▸ **Prompt**:
Without including any images, output the listing below exactly.

▸ **Source material**:
------------------------------------------------------------
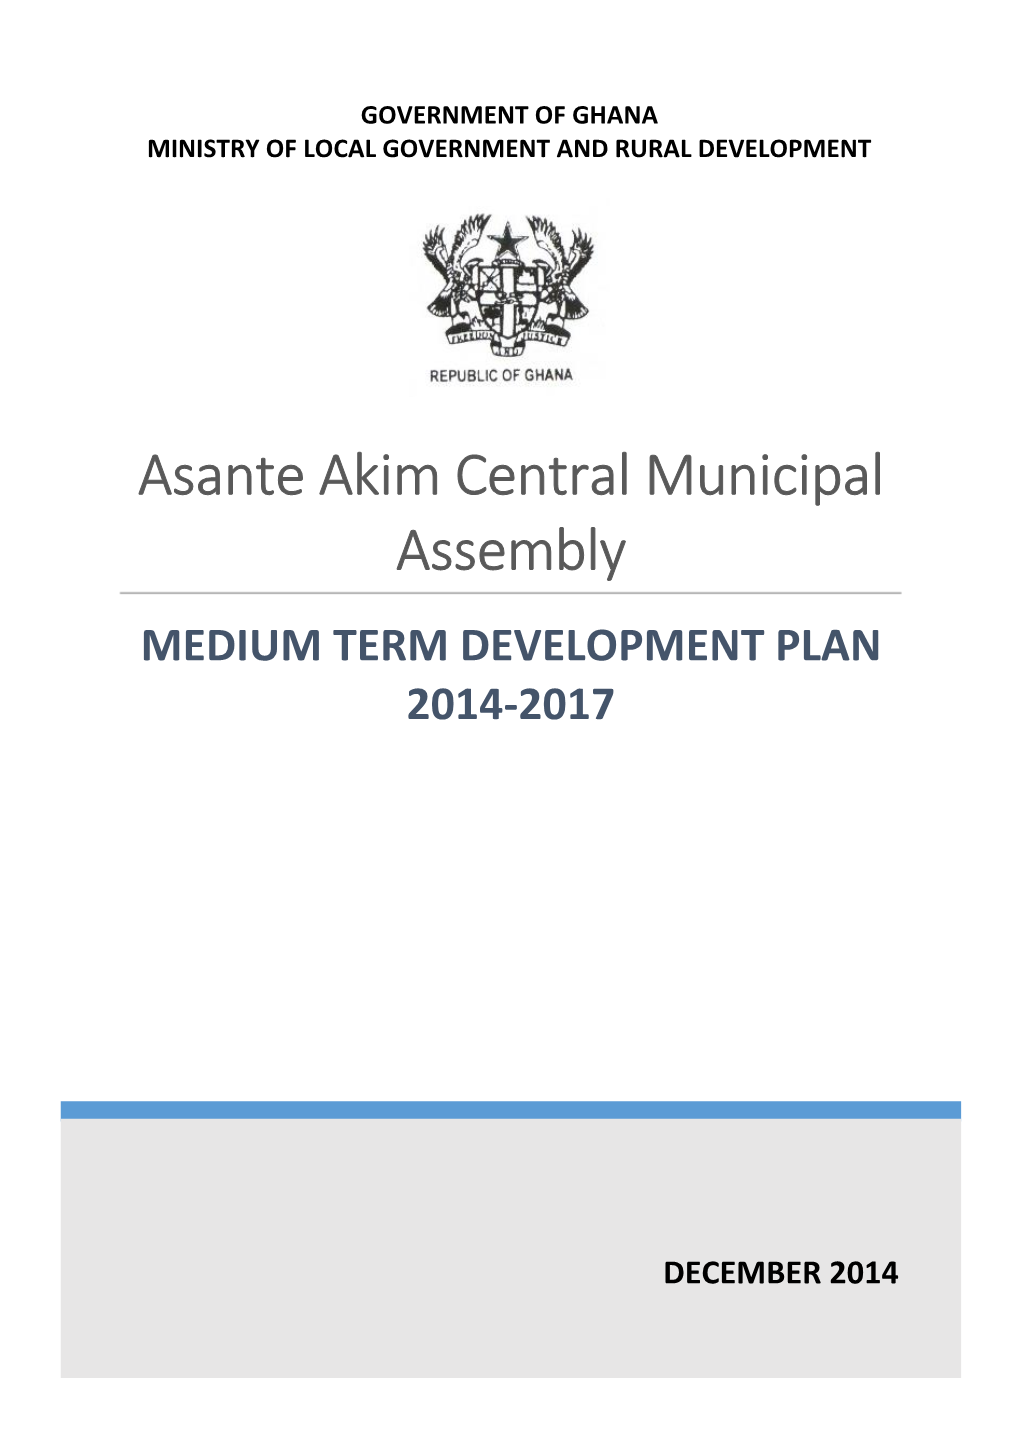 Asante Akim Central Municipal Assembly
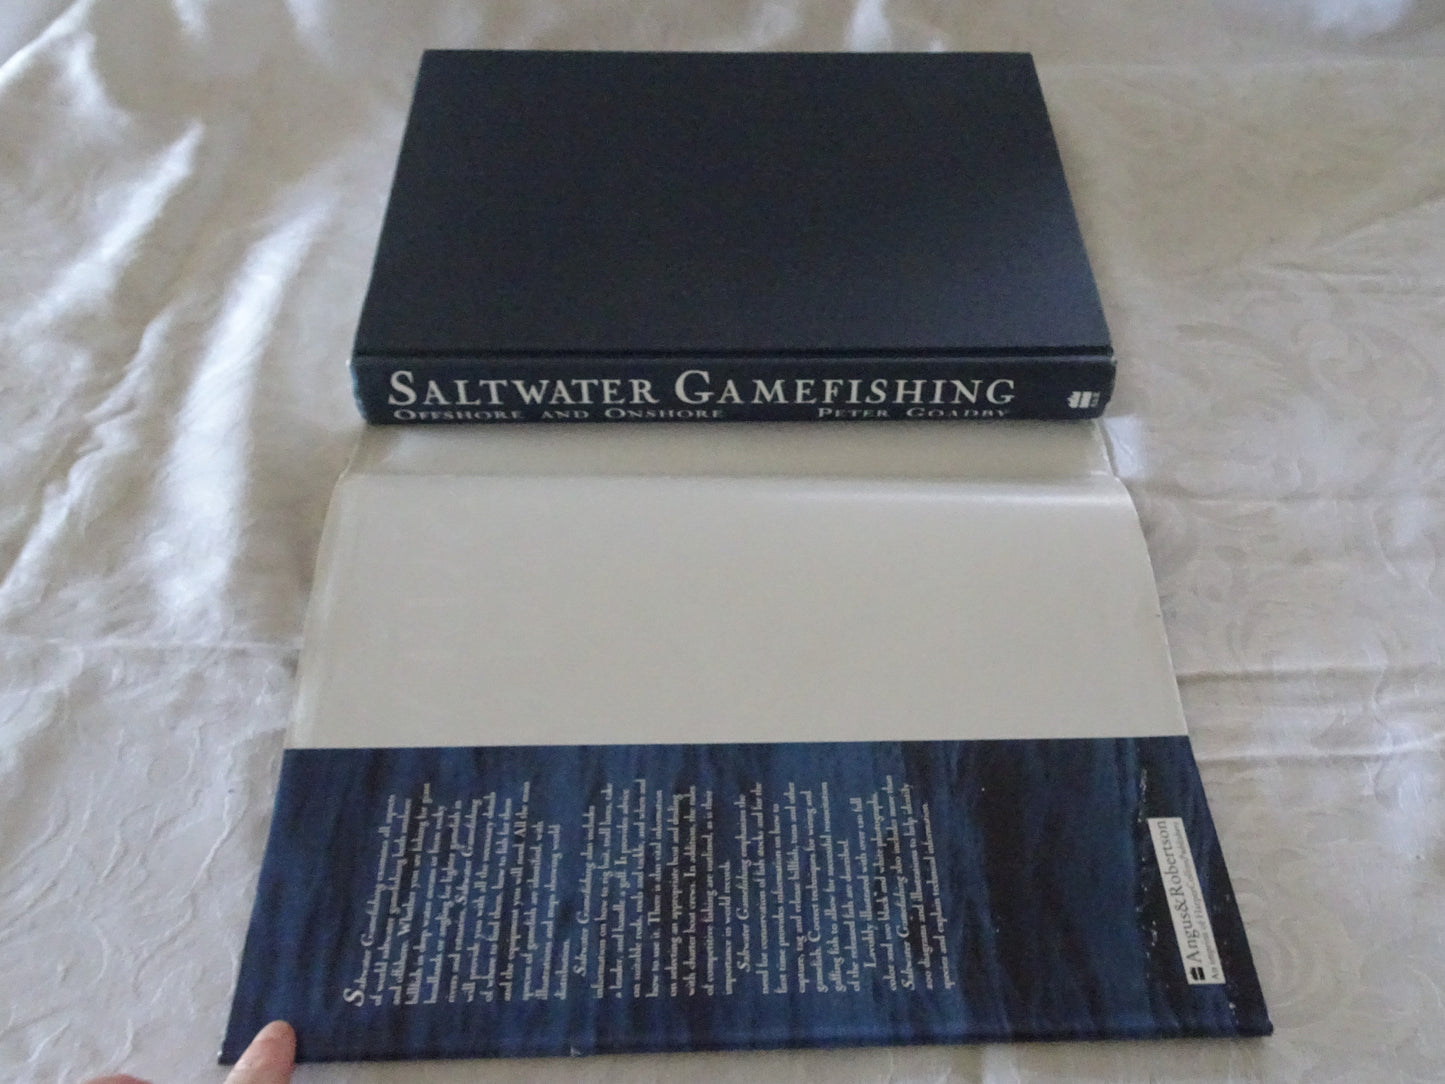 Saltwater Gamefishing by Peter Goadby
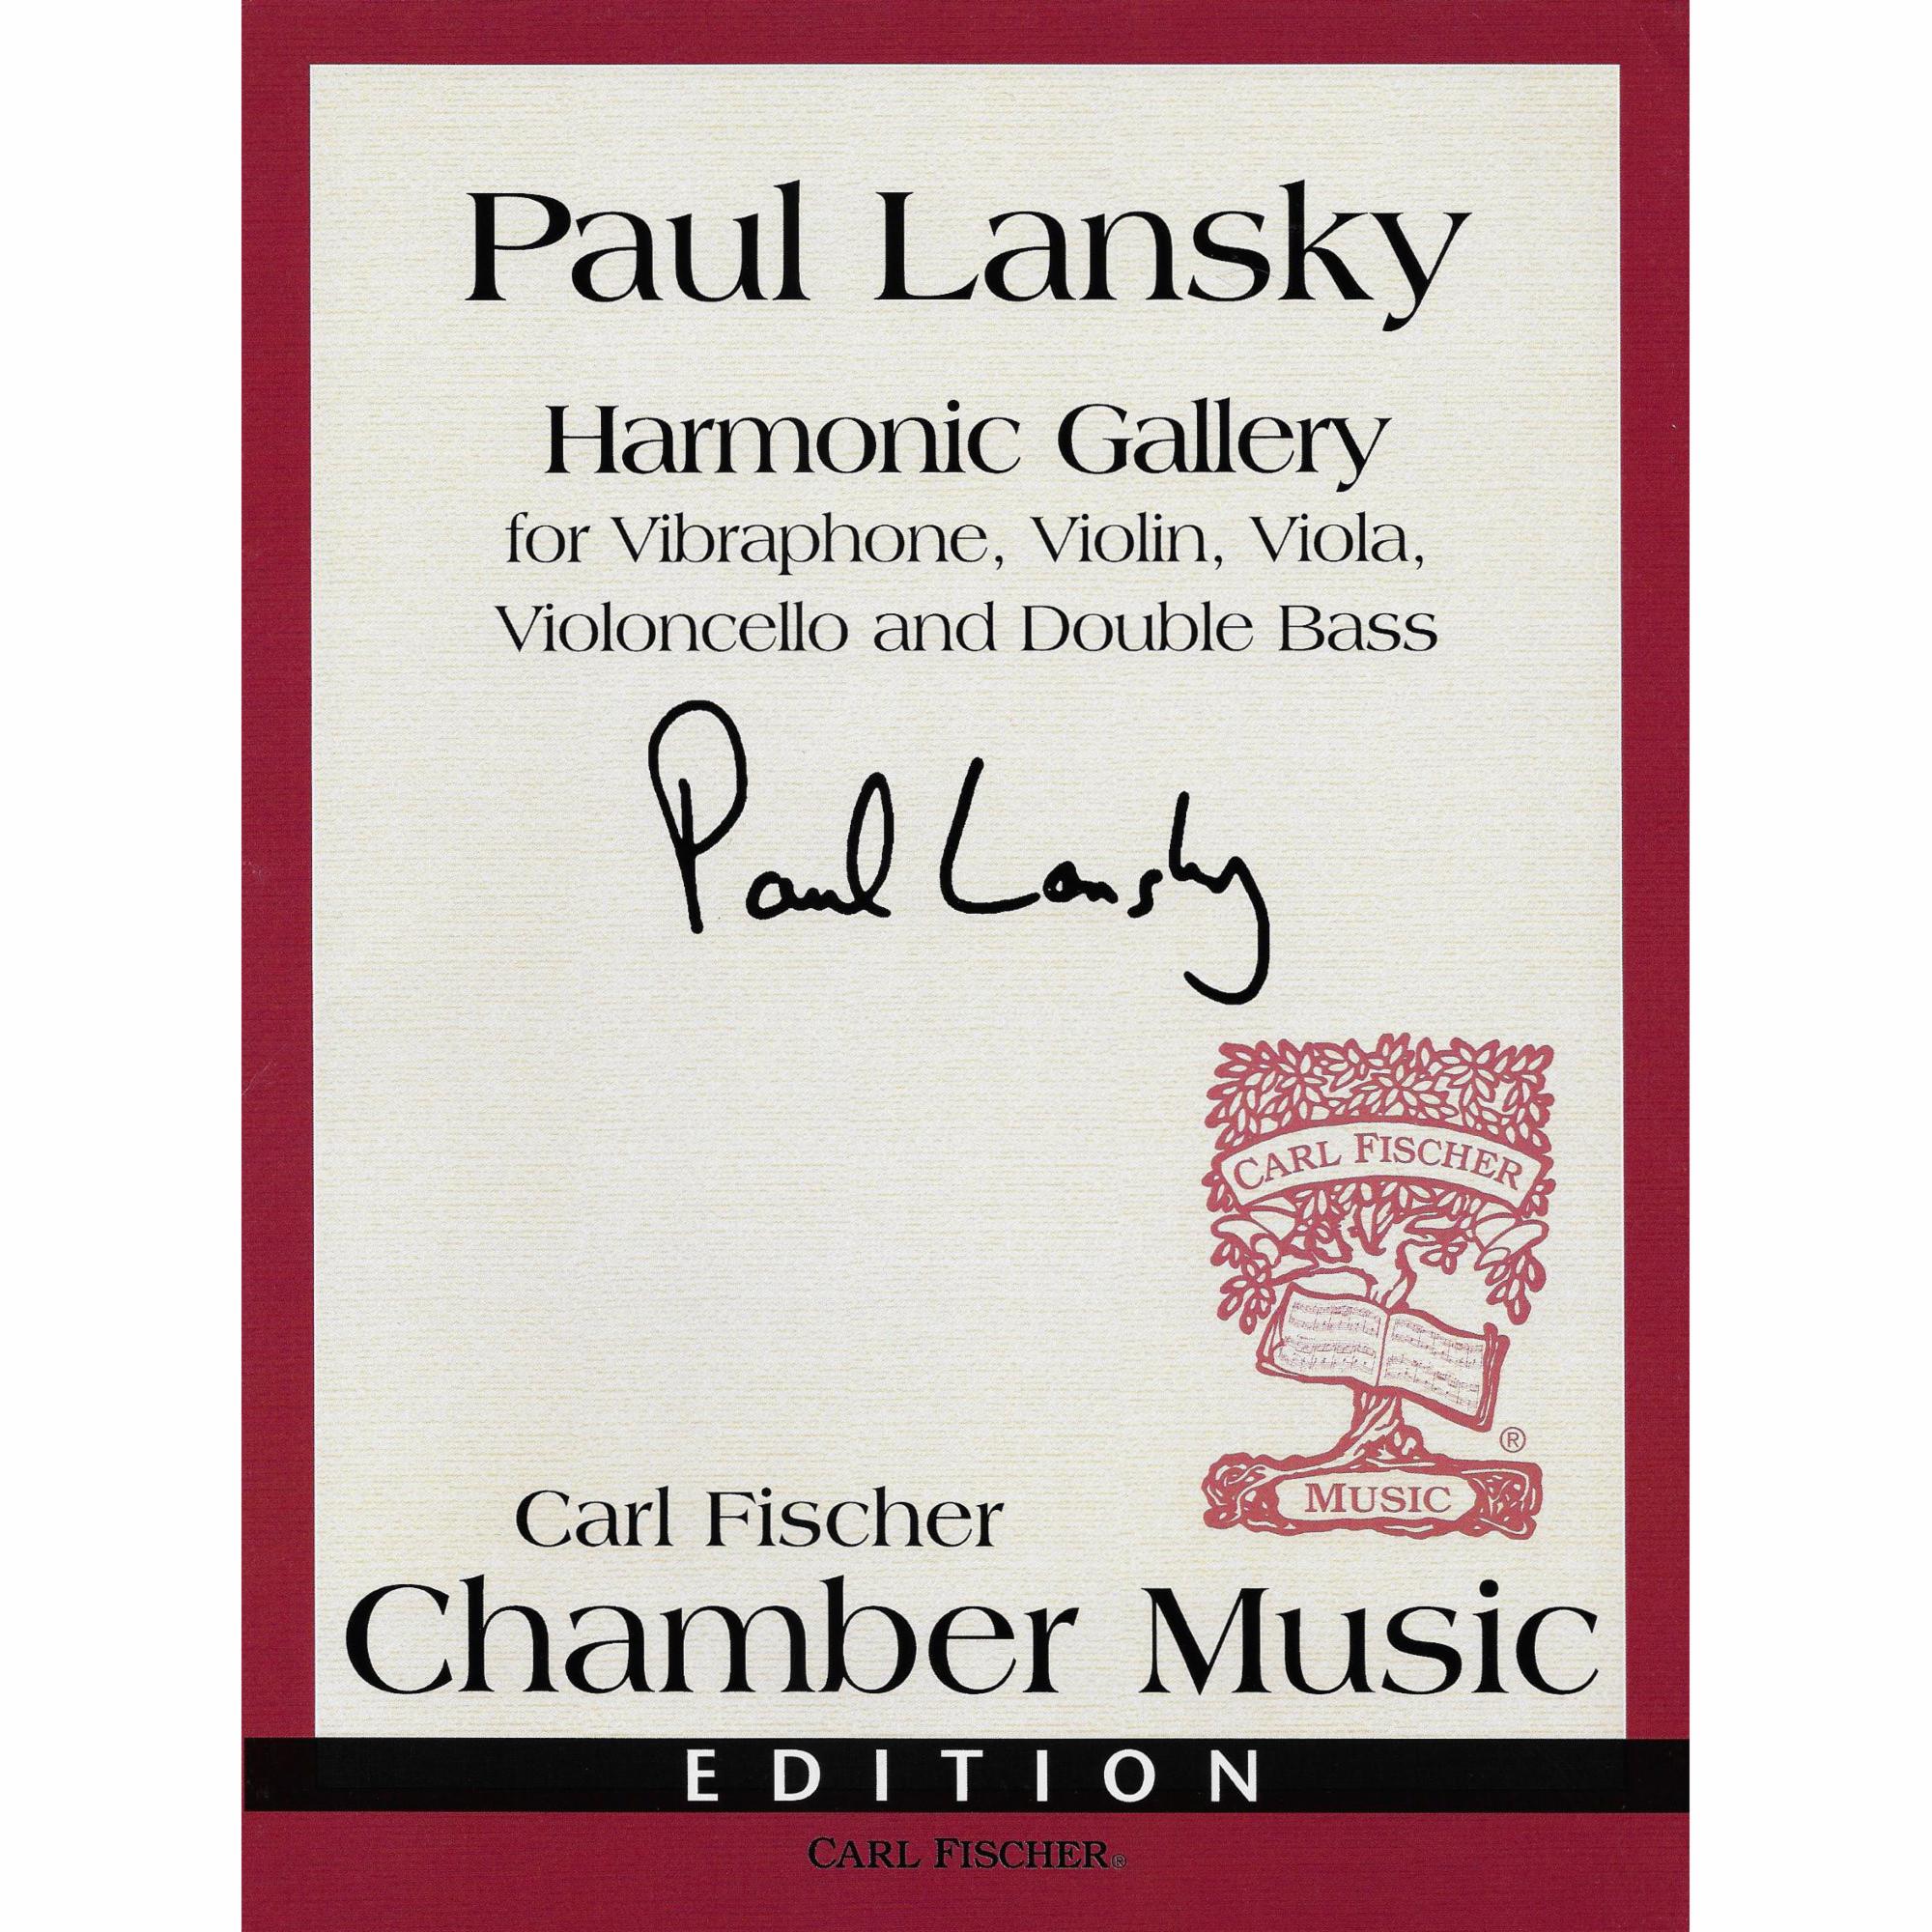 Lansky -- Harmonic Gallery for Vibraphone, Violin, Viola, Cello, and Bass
------------------------------------------------------------
▸ **Solution**:
 Asante Akim Central Municipal Assembly
 Saltwater Gamefishing by Peter Goadby
 Lansky -- Harmonic Gallery for Vibraphone, Violin, Viola, Cello, and Bass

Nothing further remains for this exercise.